The inhibitor of NF-kappaB (I-kappaB) kinase (IKK) complex consists of 3 subunits, IKK1, IKK2, and NF-kappaB essential modulator (NEMO), and is involved in the activation of NF-kappaB by various stimuli. IKK2 or NEMO constitutive knockout mice die during embryogenesis as a result of massive hepatic apoptosis. Therefore, we examined the role of IKK2 in TNF-induced apoptosis and ischemia/reperfusion (I/R) injury in the liver by using conditional knockout mice. Hepatocyte-specific ablation of IKK2 did not lead to impaired activation of NF-kappaB or increased apoptosis after TNF-alpha stimulation whereas conditional NEMO knockout resulted in complete block of NF-kappaB activation and massive hepatocyte apoptosis.

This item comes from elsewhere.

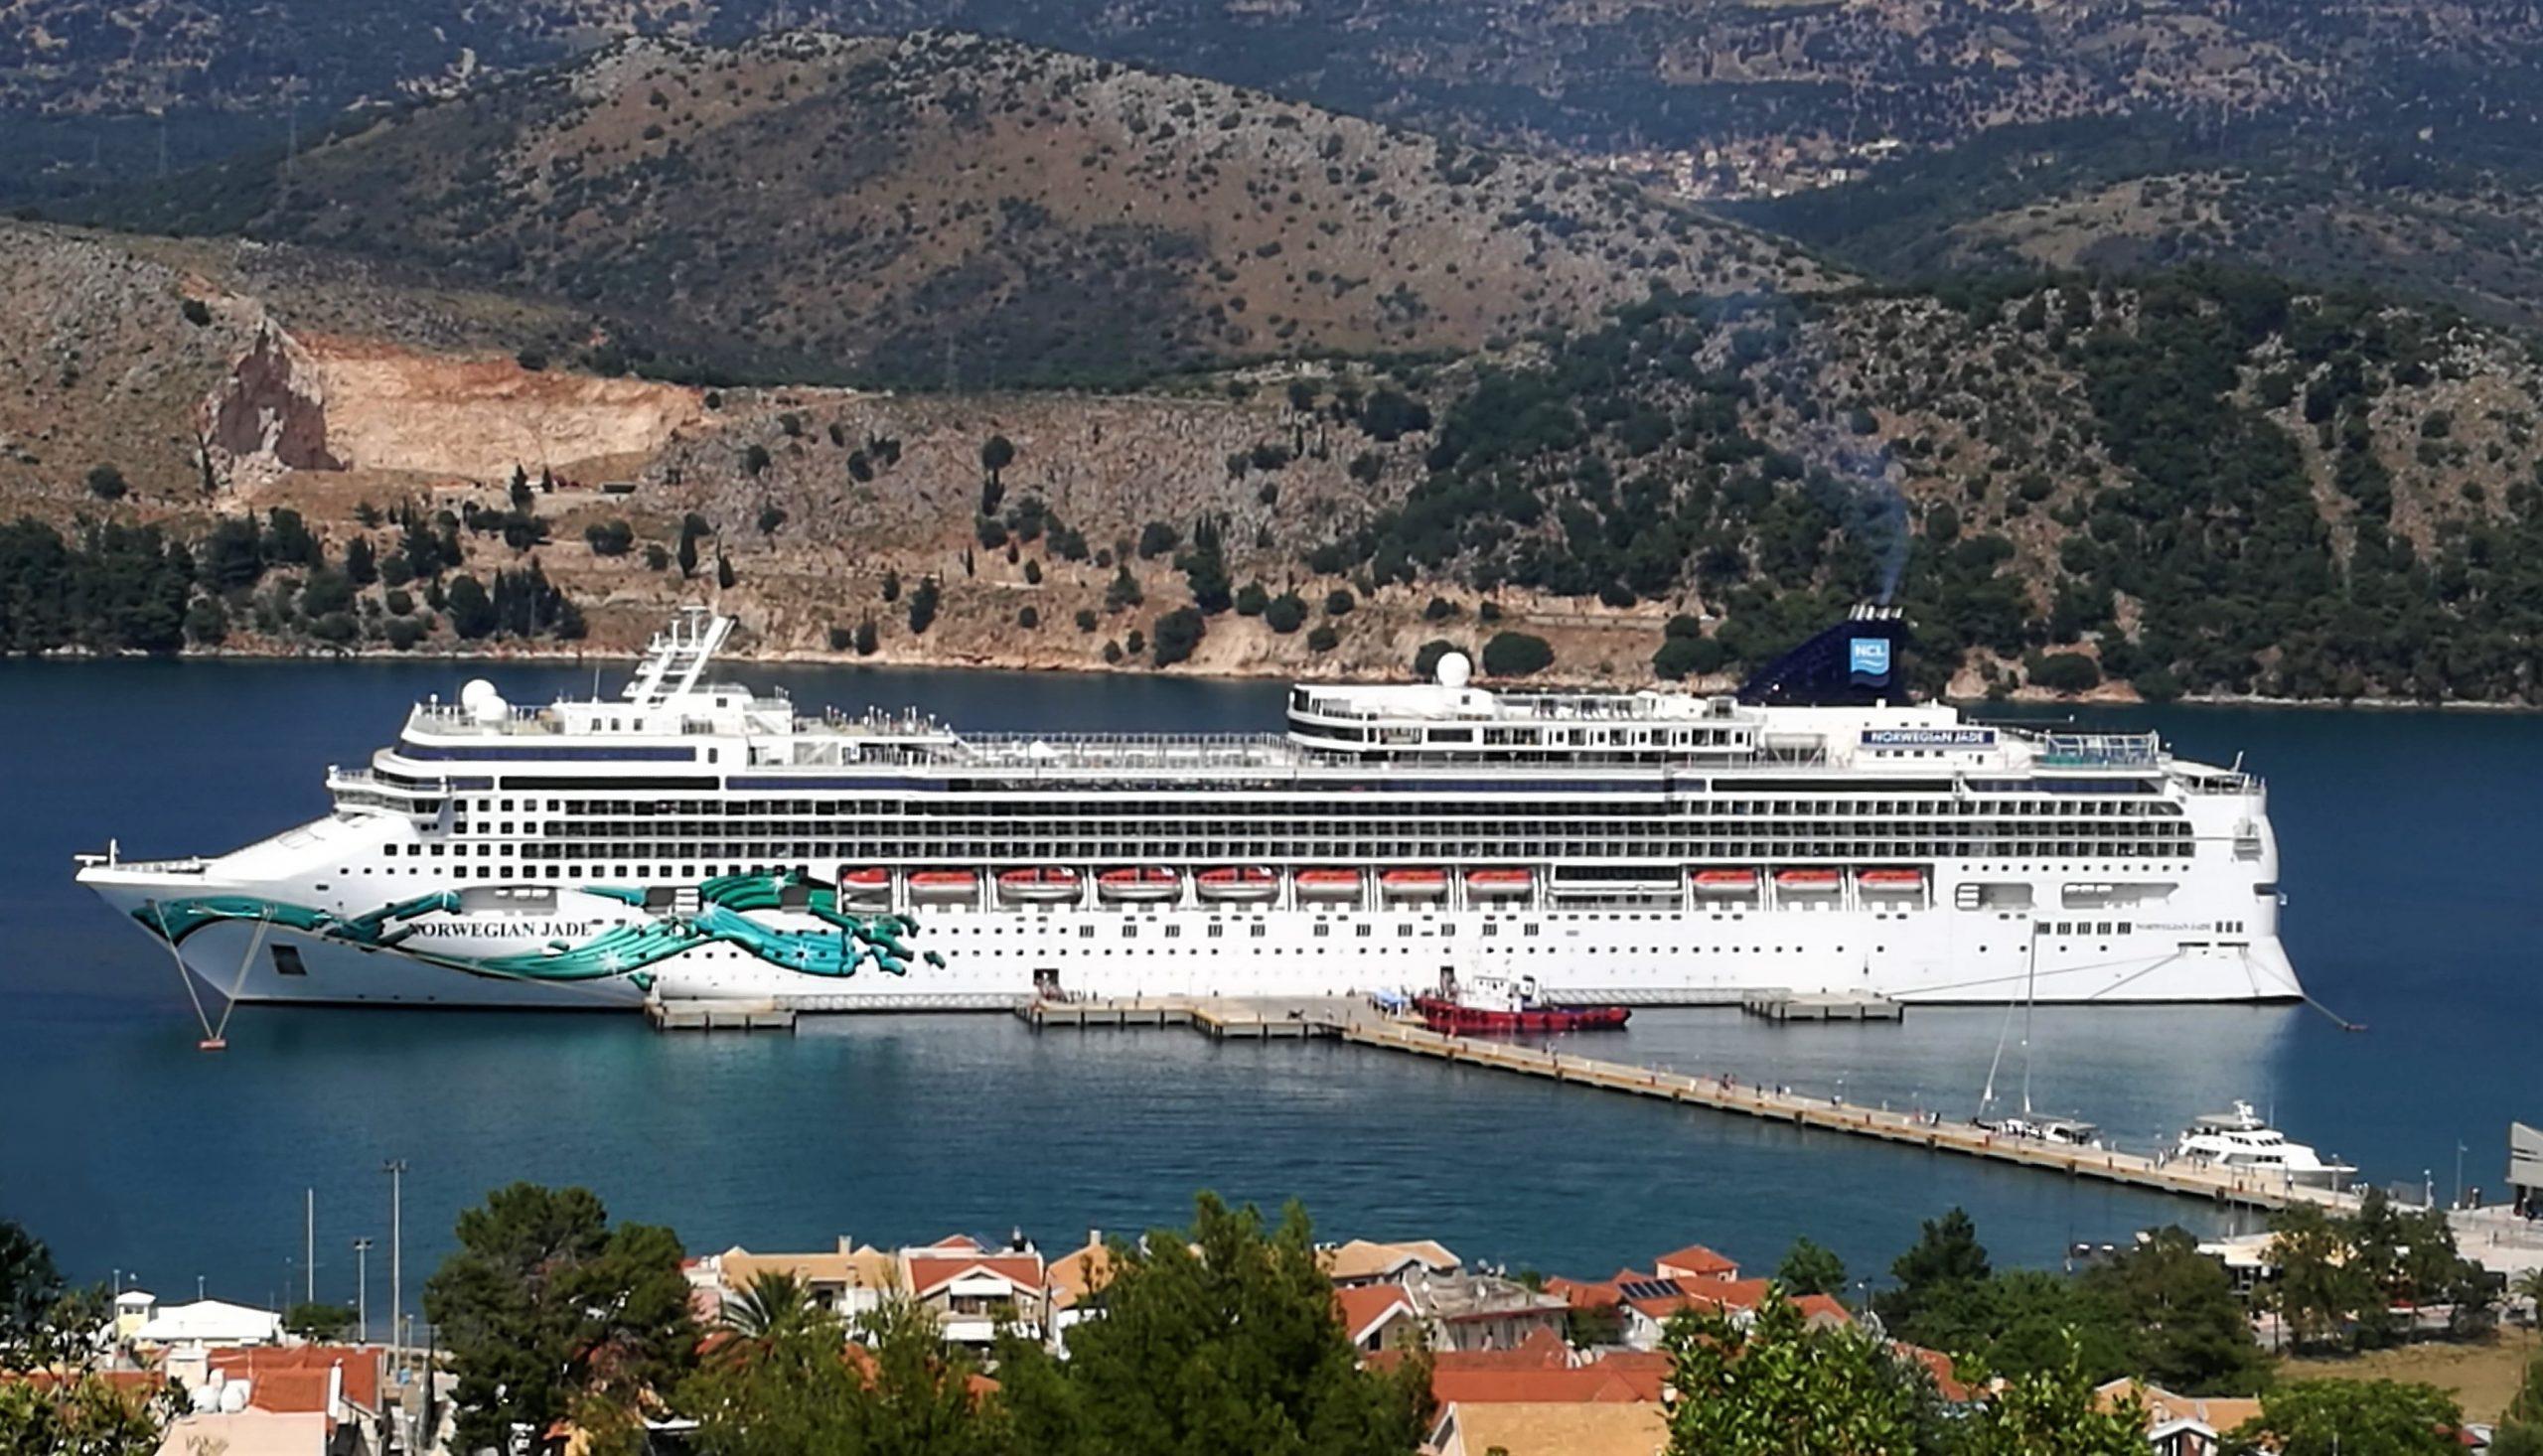 Norwegian Cruise Line indsætter efter planen dette krydstogtskib, Norwegian Jade, til at sejle krydstogter af én uges varighed fra 25. juli med rundture til græske øer og start og slut i Athens havneby, Piræus. Foto via Wikipedia: Kefalonitis94.

In a model of partial hepatic I/R injury, mice lacking IKK2 in hepatocytes displayed significantly reduced liver necrosis and inflammation than wild-type mice. AS602868, a novel chemical inhibitor of IKK2, protected mice from liver injury due to I/R without sensitizing them toward TNF-induced apoptosis and could therefore emerge as a new pharmacological therapy for liver resection, hemorrhagic shock, or transplantation surgery.

PMID:
15962293
[PubMed]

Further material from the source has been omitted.